Crawler plug-ins

Crawler plug-ins are Java™ application programming interfaces (APIs) that you can use to change content or metadata in crawled documents.

Data source crawler plug-ins

You can apply business and security rules to enforce document-level security and add, update, or delete the crawled metadata and document content that is associated with documents in an index. The data source crawler plug-in APIs cannot be used with the web crawler.

You can also create a plug-in that extracts entries from archive files. The extracted files can then be parsed individually and included in collections.

Restriction: The following type B data source crawlers do not support plug-ins to extract or fetch documents from archive files:
  • Agent for Windows file systems crawler
  • BoardReader crawler
  • Case Manager crawler
  • Exchange Server crawler
  • FileNet P8 crawler
  • SharePoint crawler

Web crawler plug-ins

You can add fields to the HTTP request header that is sent to the origin server to request a document. You can also view the content, security tokens, and metadata of a document after the document is downloaded. You can add to, delete from, or replace any of these fields, or stop the document from being parsed.

Web crawler plug-ins support two kinds of filtering: prefetch and postparse. You can specify only a single Java class to be the web crawler plug-in, but because the prefetch and postparse plug-in behaviors are defined in two separate Java interfaces and because Java classes can implement any number of interfaces, the web crawler plug-in class can implement either or both behaviors.
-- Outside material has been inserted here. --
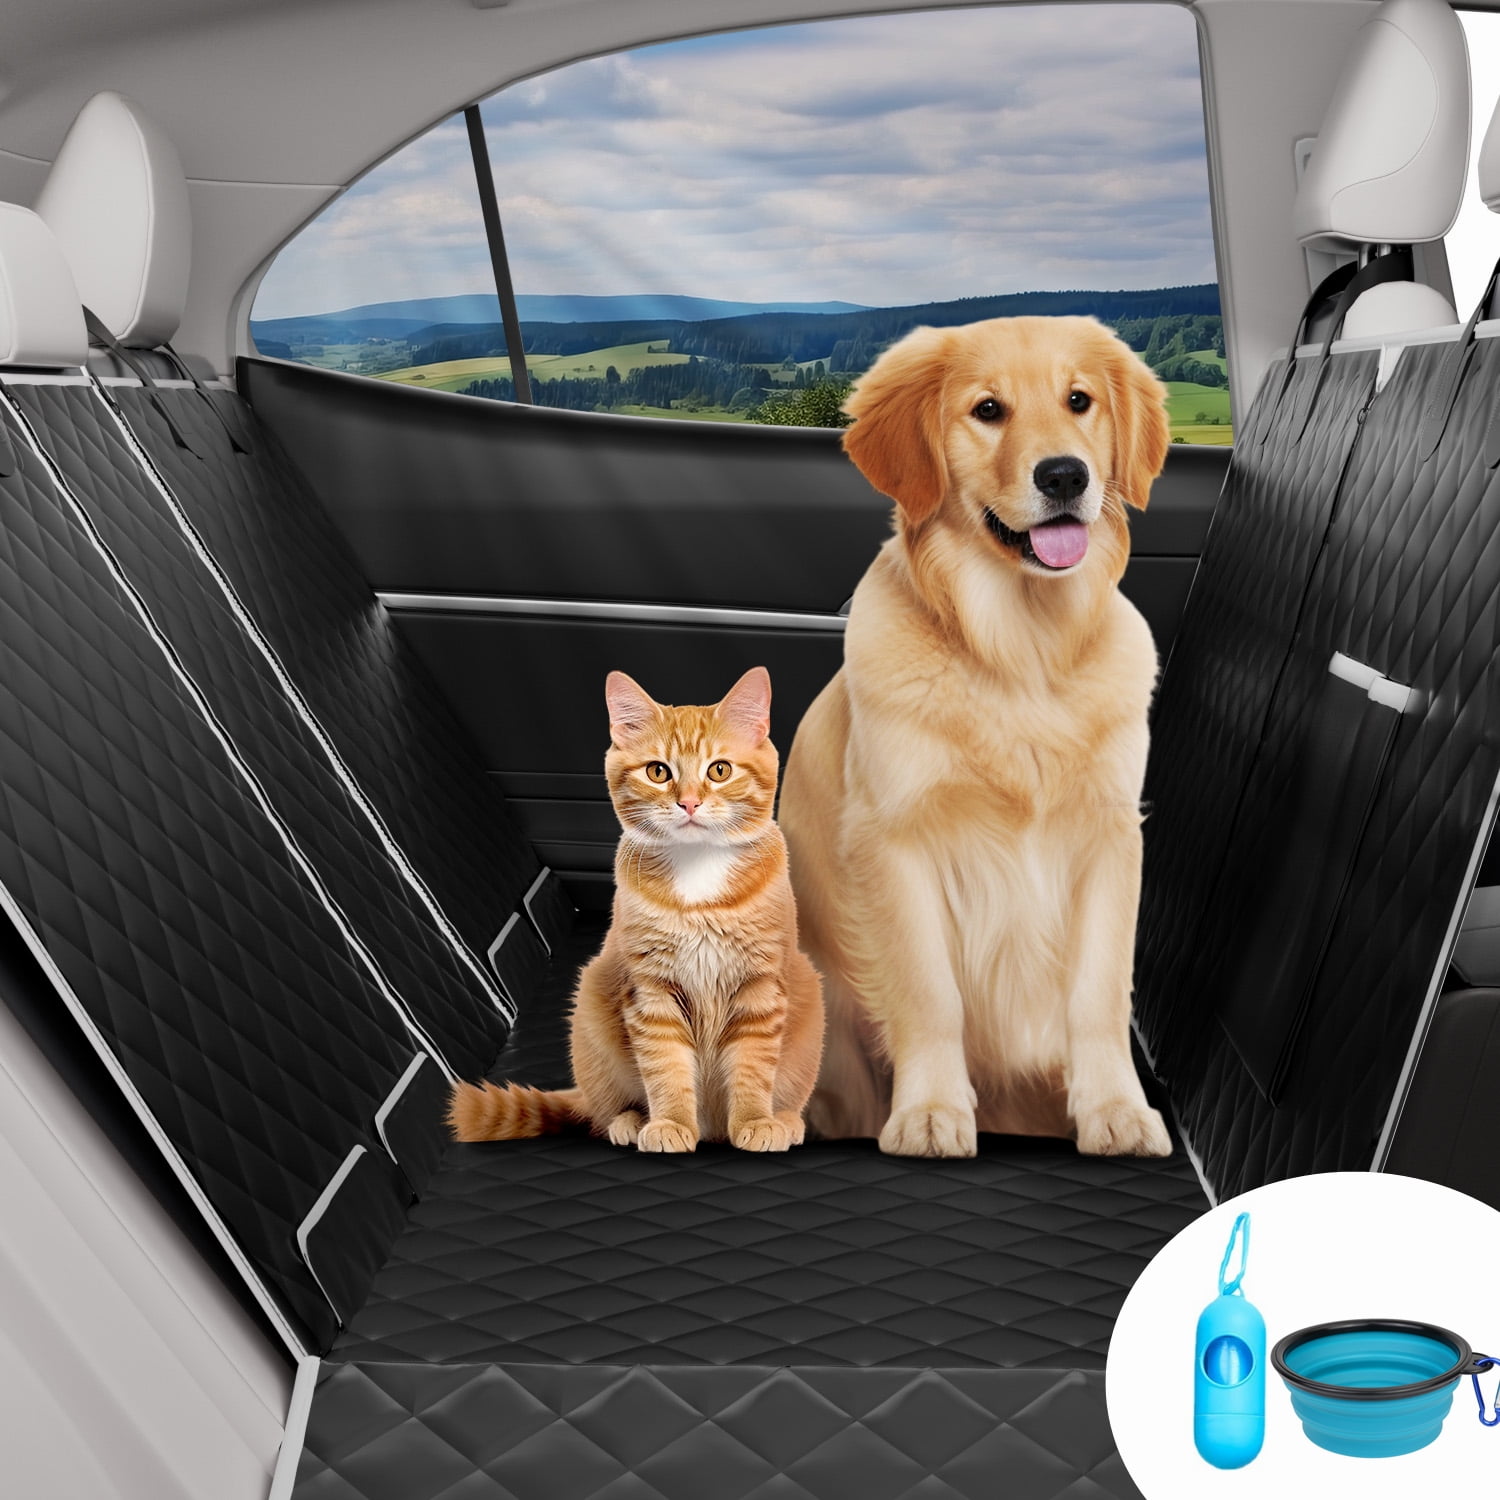 Active Pets Premium Dog Car Seat Cover for Trucks, Sedans & SUVs -  Waterproof Backseat Protection for Dog Travel - Puppy Essentials

The web crawler plug-in has two specific plug-in types:
Prefetch plug-in
A prefetch plug-in is called before the crawler downloads a document. Your plug-in is given the document URL, the fetch method, the HTTP version, and the HTTP request header. Your plug-in can use these elements to decide whether to modify the request header (for example, to add cookies) or even to cancel the download.
Postparse plug-in
The postparse plug-in is called after any download attempt. Before the plug-in is called, the target content is downloaded and parsed by the crawler. The plug-in is given the document URL, the metadata that is extracted by the crawler from various sources, and the document's content. The plug-in can determine whether to alter any of these items in the document and whether to save the content of the document before it is parsed.

Javadoc documentation for crawler plug-ins

For detailed information about each plug-in API, see the Javadoc documentation in the following directory: ES_INSTALL_ROOT/docs/api/.